Yesterday was lease story day. First I went down to this wonderful luggage store in Kendall that I’ve been going to for many years (a bag needed repair after being very badly abused by an airline) and discovered it was closing. Why? The shop next door in the mall’s lease is up, and has threatened to leave unless they can have his space. The luggage shop has seven years left on his lease. But it seems the mall management inserted a clause into his lease at last year’s renewal that gives the mall the right to unilaterally relocate the store to other, much less desirable (no foot traffic), areas — perhaps because they knew this demand was coming. The luggage shop owner, who says he trusted the family who runs the mall, had been doing business with them for more than a decade, didn’t notice this when he signed the renewal. He says he’s moved before to help them out — but only within the covered part of the small mall, not to the wasteland of the far side, where no one ever goes.
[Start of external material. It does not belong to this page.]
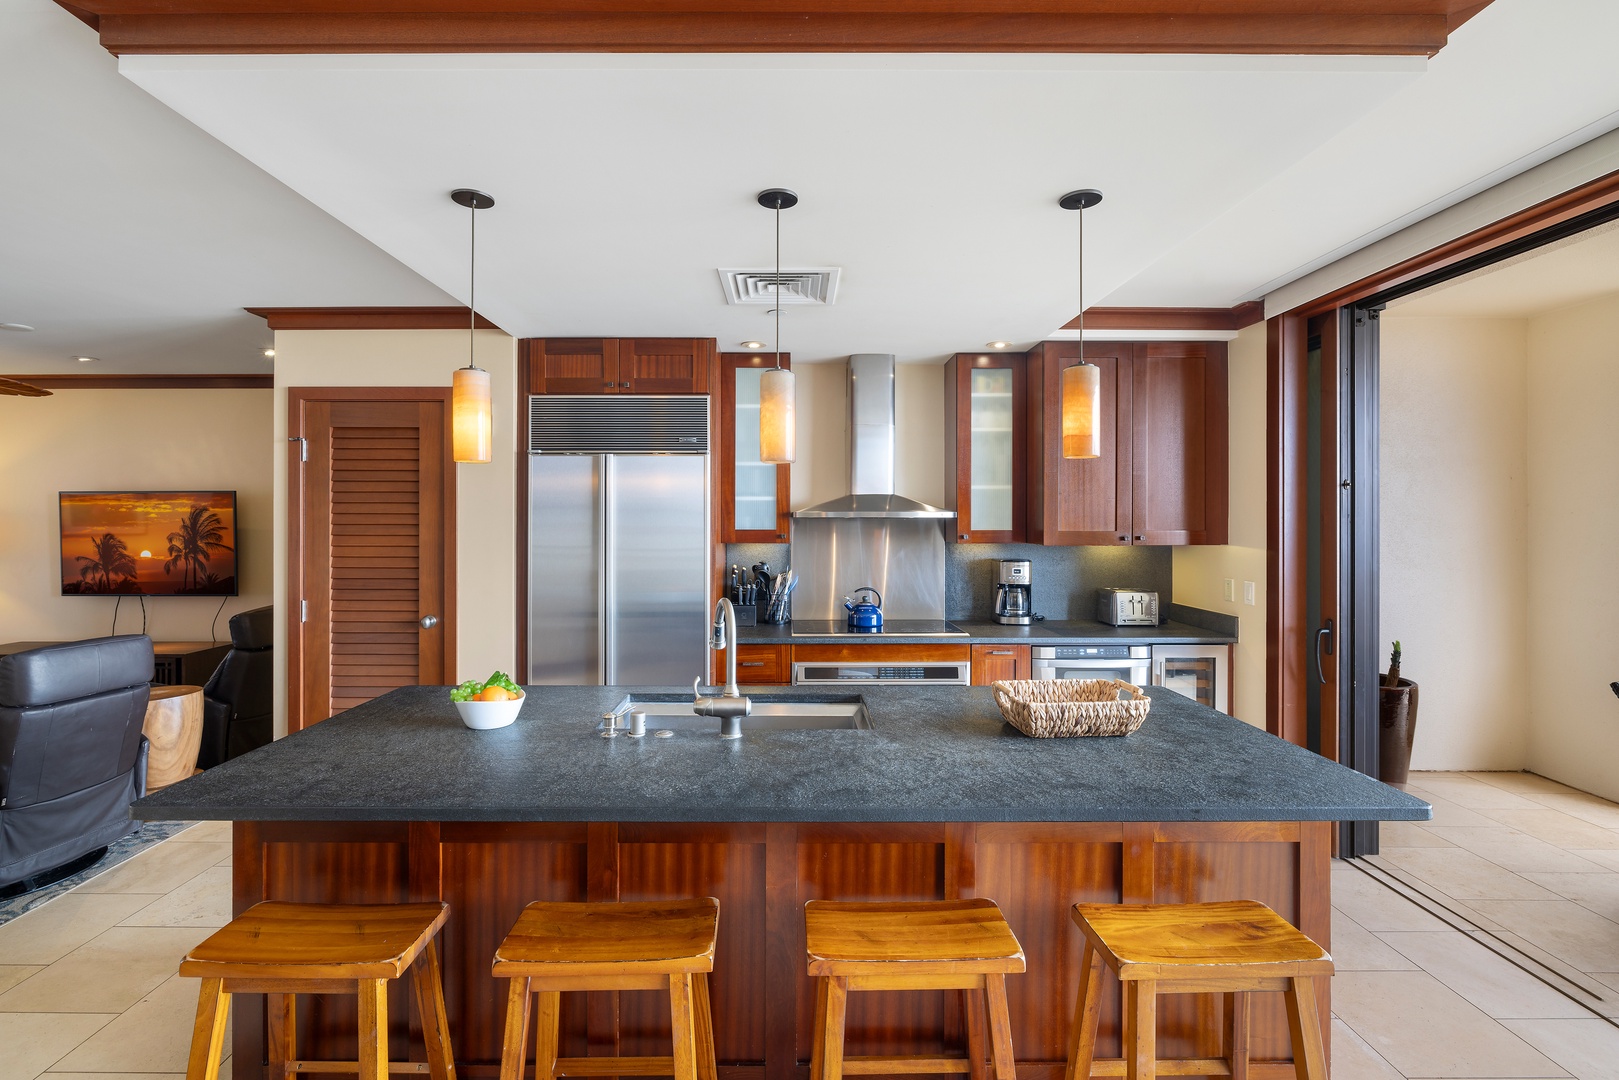 Kapolei Vacation Rentals, Ko Olina Beach Villas O1105 - The kitchen island seating for visiting with the chef and casual meals.

So he went to a lawyer. The lawyer told him he had a slam-dunk case, was certain to win, and charged him $7,000 plus filing fees to file suit against the mall. But after the first meeting with the other side’s lawyer, and after cashing the first check, the lawyer warned him that — although he still thought they would win — it would cost $100,000 to $200,000 to litigate to the end (a price that strikes me as absurdly high for anything except the very biggest firm litigation). The shop owner decided he couldn’t afford it, and is angry he wasn’t warned about the huge possible total cost in advance. (I wonder if the lawyer was lying: could it be that he decided he was going to lose the case after all?). He’s not real happy about closing. ‘It’s corporate America in the age of globalization,’ he sighed. (OK, he’s a luggage guy, not a political scientist.) “It’s a change in life; who knows what the next chapter will bring.”
It’s surprising how disturbing this is: both that an infrequently visited specialist shop I trusted — they may not have had the lowest prices on the planet, but they had nice stuff at reasonable discounts, and if they said it would last, it would last — is closing, and that a nice guy got done dirty by the legal system — in a way that’s so obviously painful. That to some extent it’s his own fault for trustingly not reading the fine print doesn’t help much; it might make it worse. I added my email to the list in the shop to be notified if they open up again somewhere else; I hope they do.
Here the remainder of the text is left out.